Requirement: Write the listing below out again word for word, without a single picture.

Source data:
####################
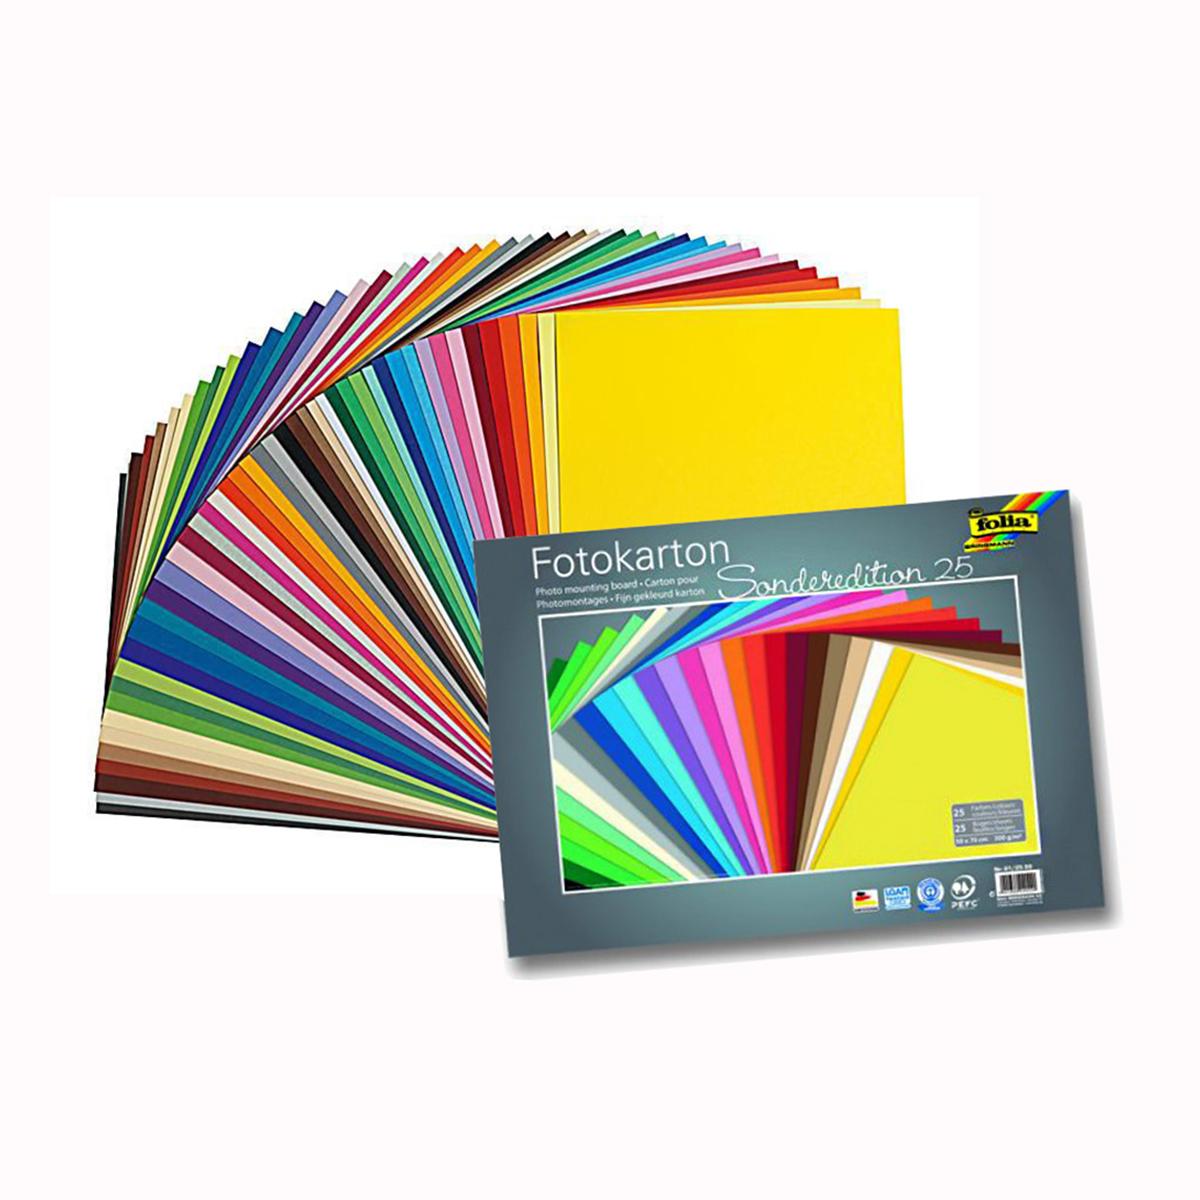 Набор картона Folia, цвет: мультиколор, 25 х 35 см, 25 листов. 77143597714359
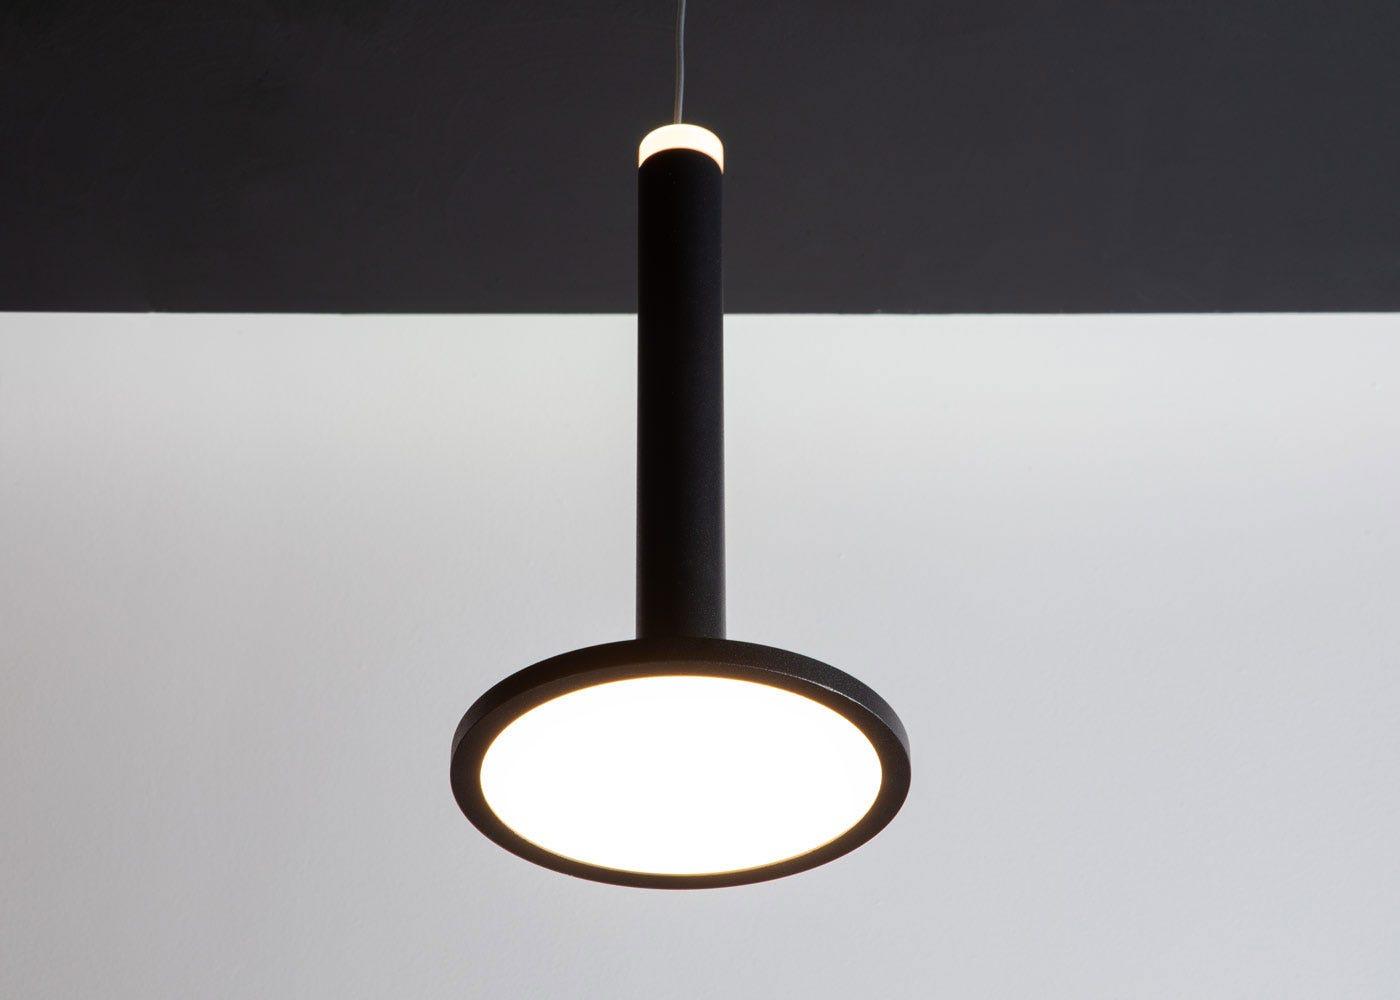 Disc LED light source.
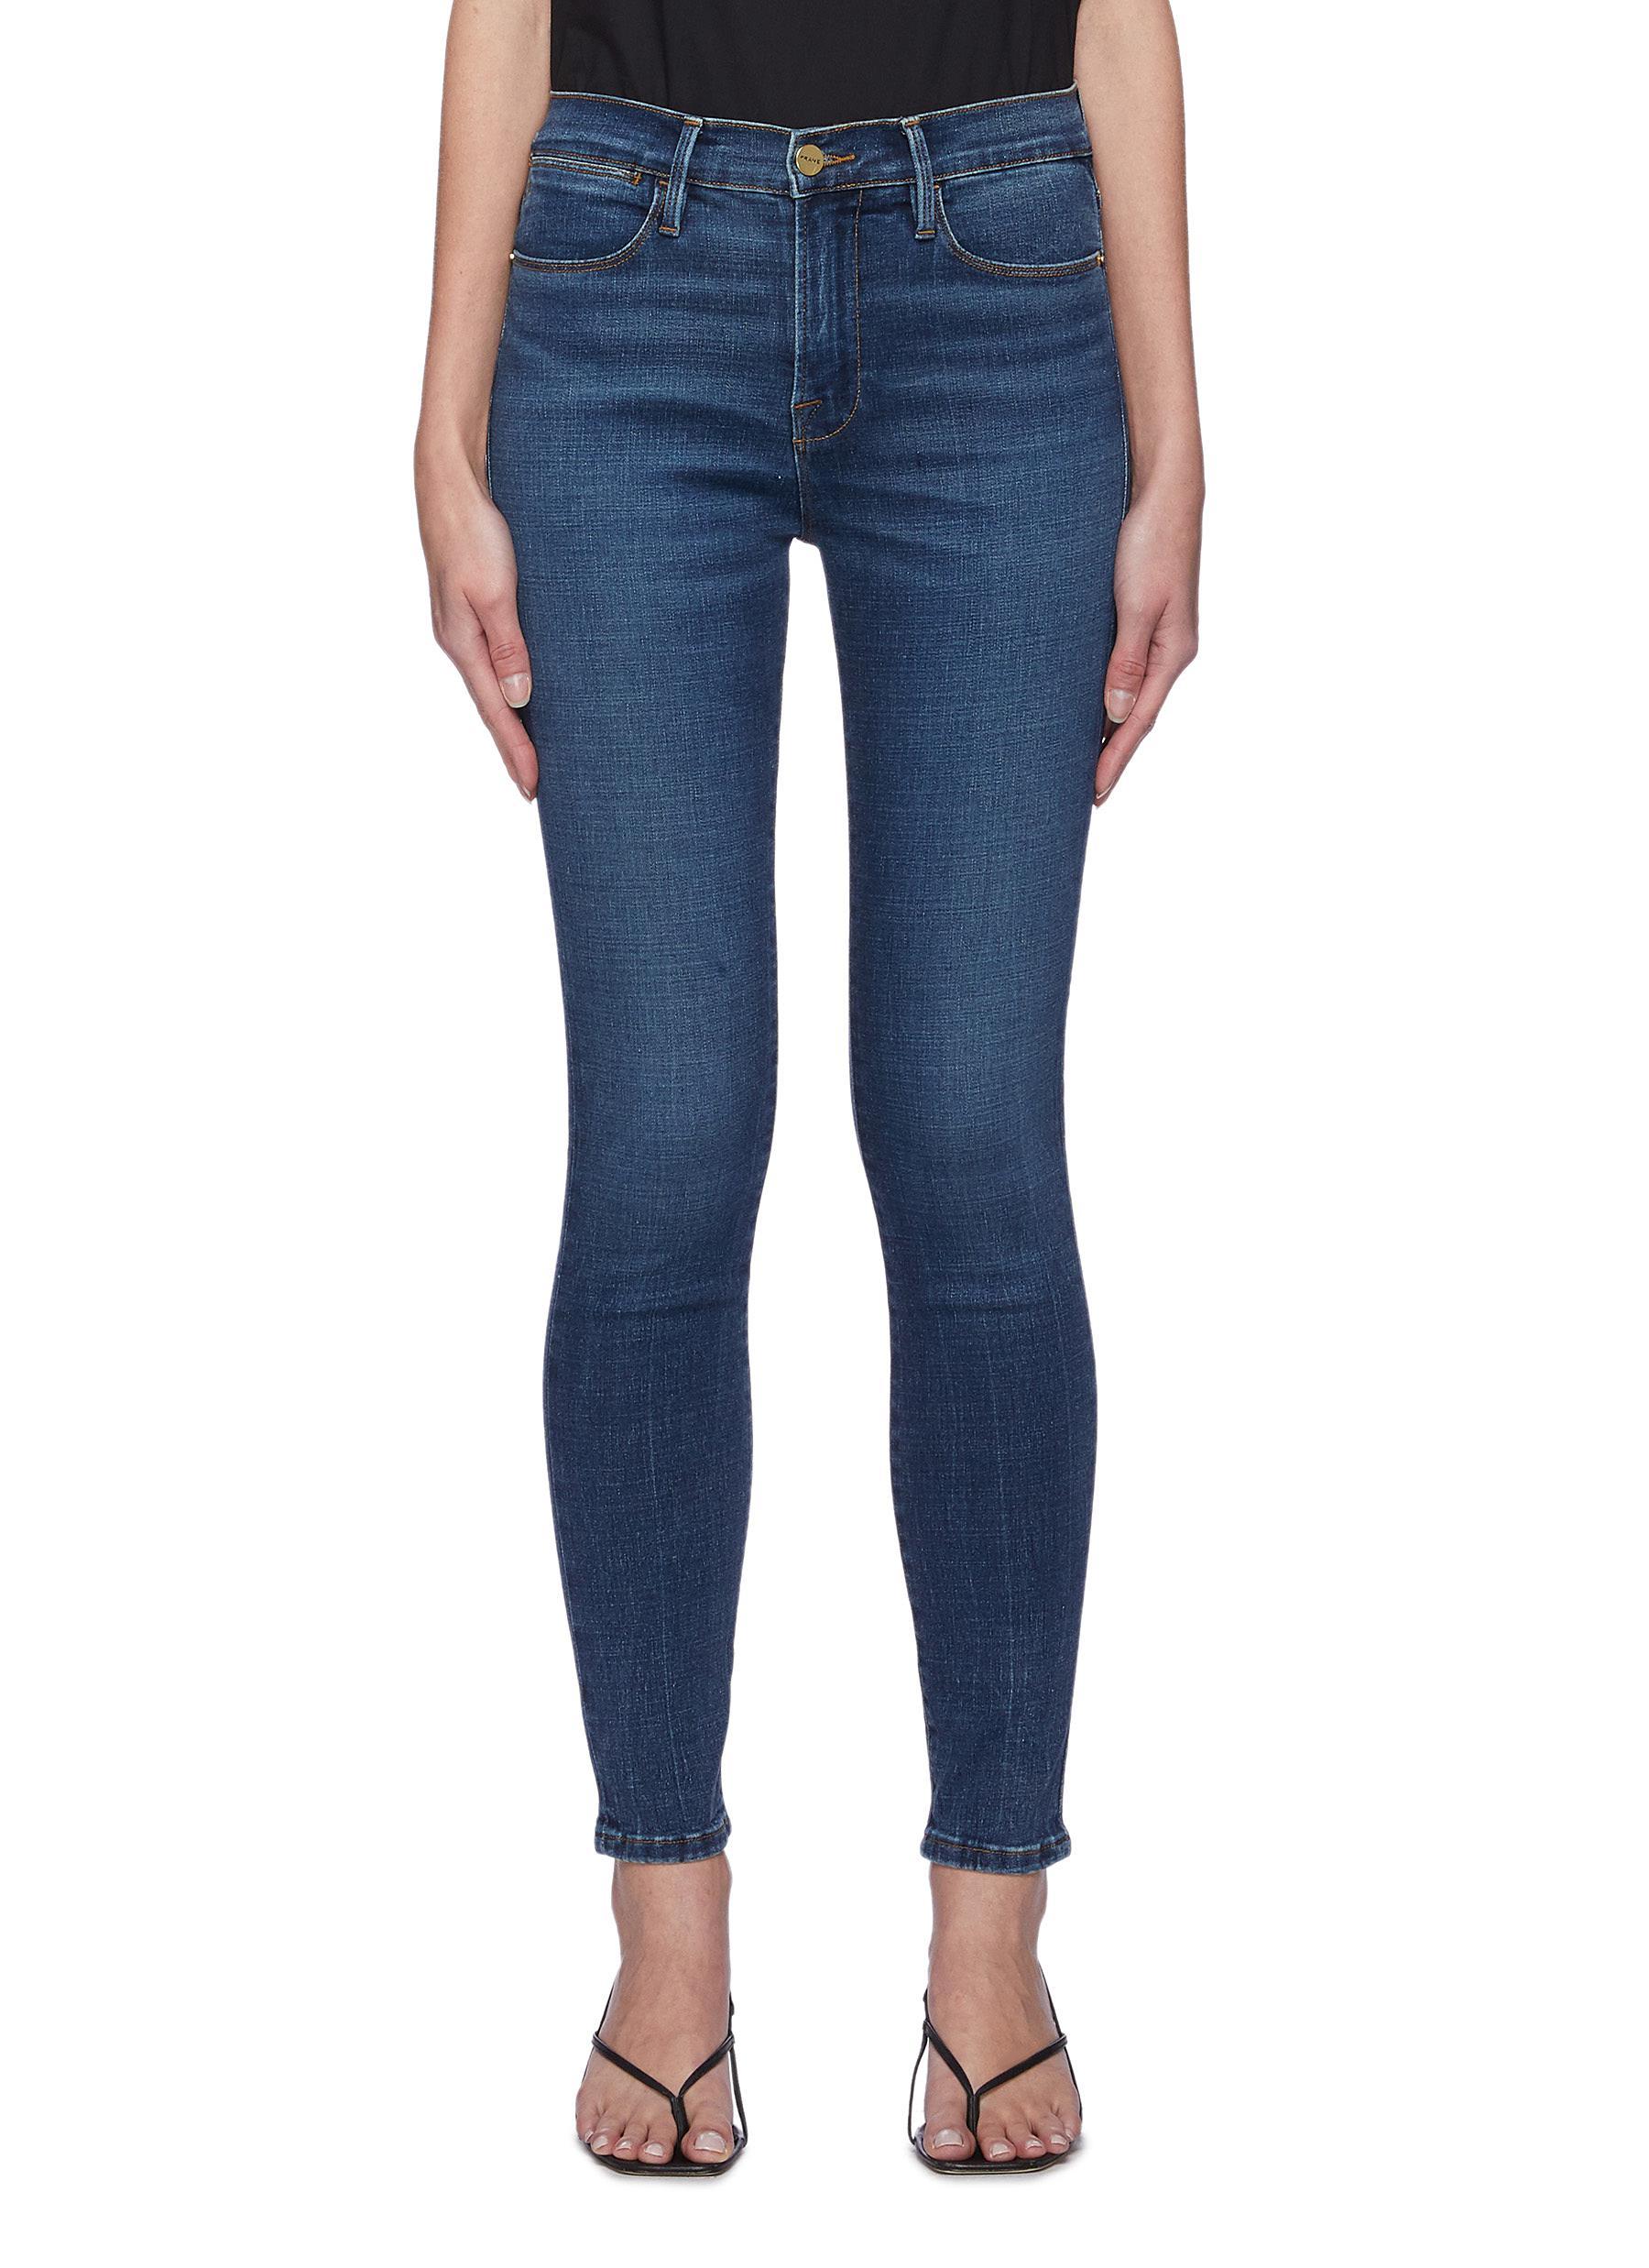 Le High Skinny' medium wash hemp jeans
####################
The answer:
 Набор картона Folia, цвет: мультиколор, 25 х 35 см, 25 листов. 77143597714359
 Disc LED light source.
 Le High Skinny' medium wash hemp jeans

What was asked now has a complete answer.